I have handled a number of cases involving Section 7(i) of the Fair Labor Standards Act (“FLSA”) which provides an exemption from overtime for commissioned employees working for a so-called retail/service establishment.  One of the major hurdles for an employer in claiming the exemption is the necessity to prove that the employer is in a “retail” industry or business.  In this regard, the US Department of Labor (USDOL) had published, as part of the regulations, a ”partial list of establishments” that it deemed as not being retail and another “partial list of establishments” that “may be recognized as retail.”  To say the least, these regulations provided little guidance and were badly outdated.  Well, this has now been fixed as the agency has removed these lists from the regulations and announced that all establishments will be judged under the same standards, which will allow for a totally new construct (over time) as to the meaning of “retail” for this exemption.  The agency noted that the deletion of these lists will also reduce confusion, as the regulation specifying businesses that “may be recognized as retail” did not impact the analysis as to whether a certain business was/was not a retail business.

The Department has held that businesses must have a “retail concept.”  29 CFR 779.316.  A retail business usually “sells goods or services to the general public,” “serves the  everyday needs of the community” and “is at the very end of the stream of distribution,” disposes its products and skills “in small quantities,” and “does not take part in the manufacturing process.” 29 CFR 779.316; 29 CFR 779.318(a).

The first deleted section, 29 CFR 779.317, was the non-retail list.  This list included businesses such as dry cleaners, tax preparers, laundries, roofing companies, travel agencies, blue printing and photostating establishments, stamp and coupon redemption stores, and telegraph companies.  The problem was that there was (with few exceptions) no reasoning or explanation given as why these businesses lacked a retail concept.

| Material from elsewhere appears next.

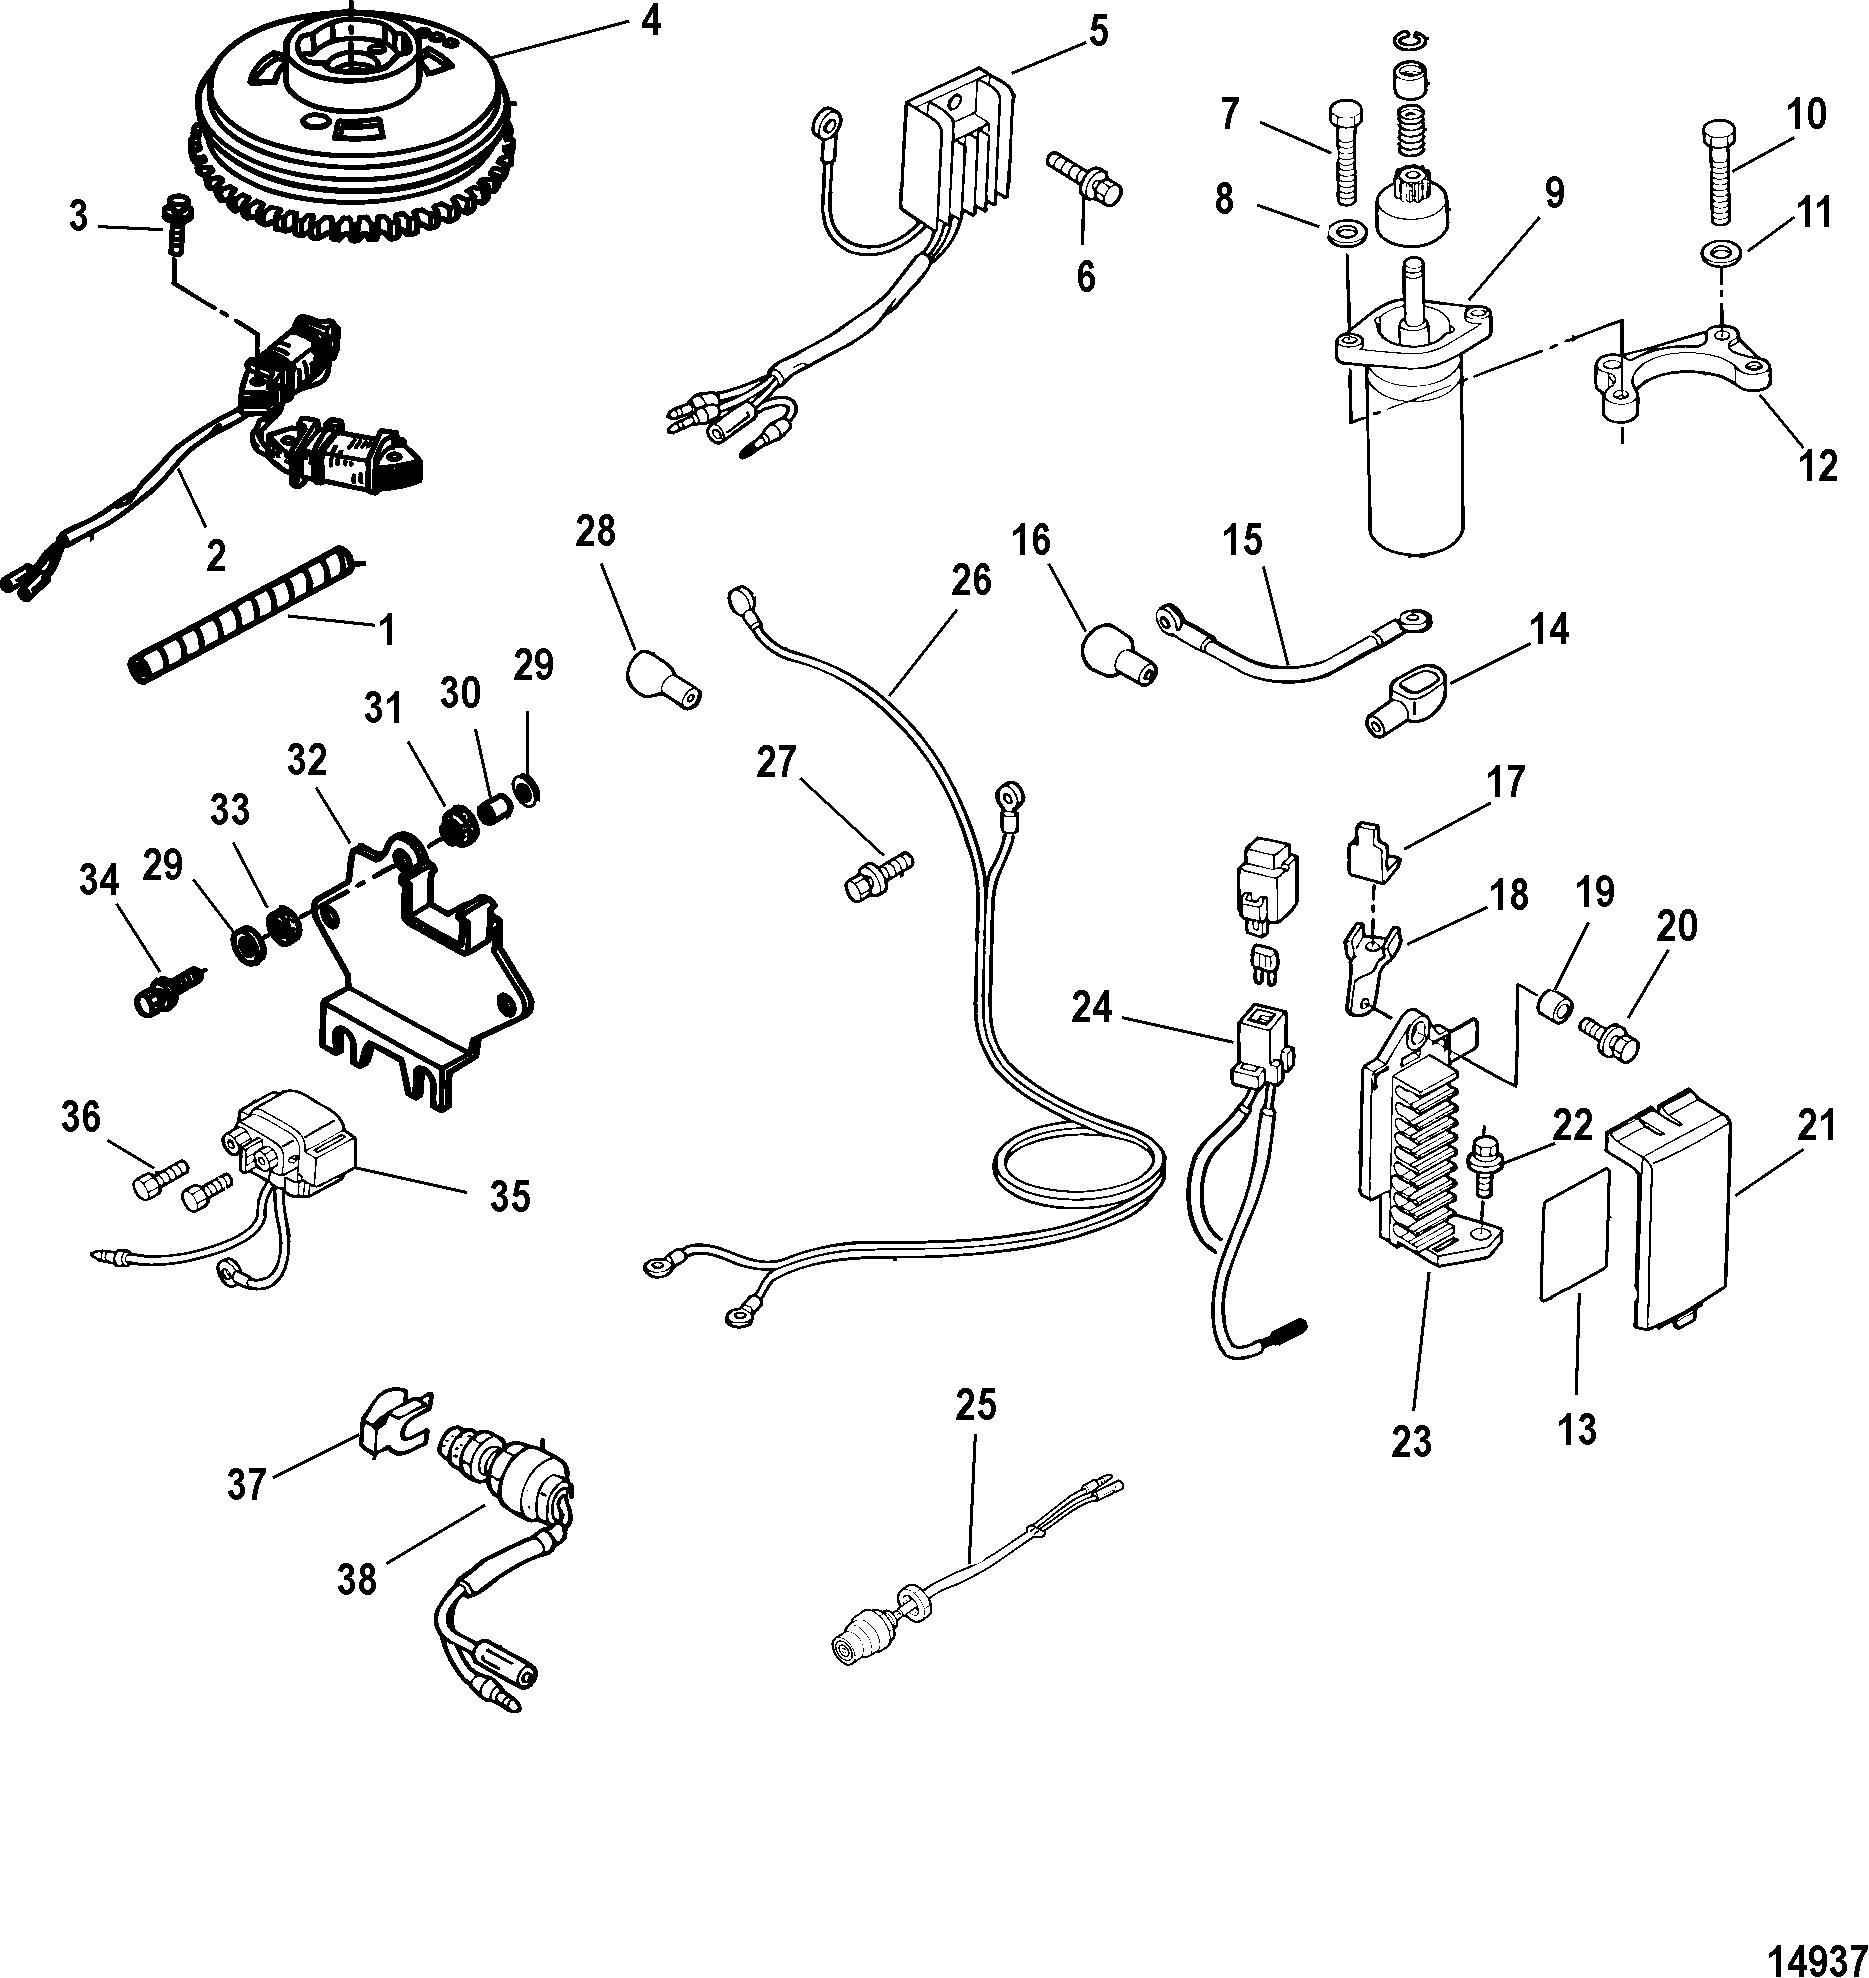 mariner outboard engine wiring diagram mercury mariner 9 9  4 stroke  209cc  0r042475   up  mercury mariner 9 9  4 stroke

The DOL also announced in 1961 a list of almost eighty types of businesses that might be considered retail and amended that list in 1971 to remove “valet shops” from the list, but with little or no reasoning behind that decision.  This “may be” list included businesses such as coal yards, fur repair and storage shops, household refrigerator service and repair shops, masseur establishments, piano tuning establishments, reducing establishments, scalp-treatment establishments, and taxidermists.  Tellingly, the agency gave no reasoning for the inclusion of these businesses on the “good” list.

The Takeaway

 I have struggled for years with these illustrative lists as I did not want to advise clients in a manner that was contrary to these “good” and “bad” lists, as I knew the power and influence that these regulations (actually, any FLSA regulation) have on federal courts.  The lists almost negated the need or ability to engage in an analysis of the “retail” issue on its own merits.  This revision simplifies the issue, makes it “easier” for a practitioner to advise employers on this crucial issue and takes this set of regulations into the modern day world.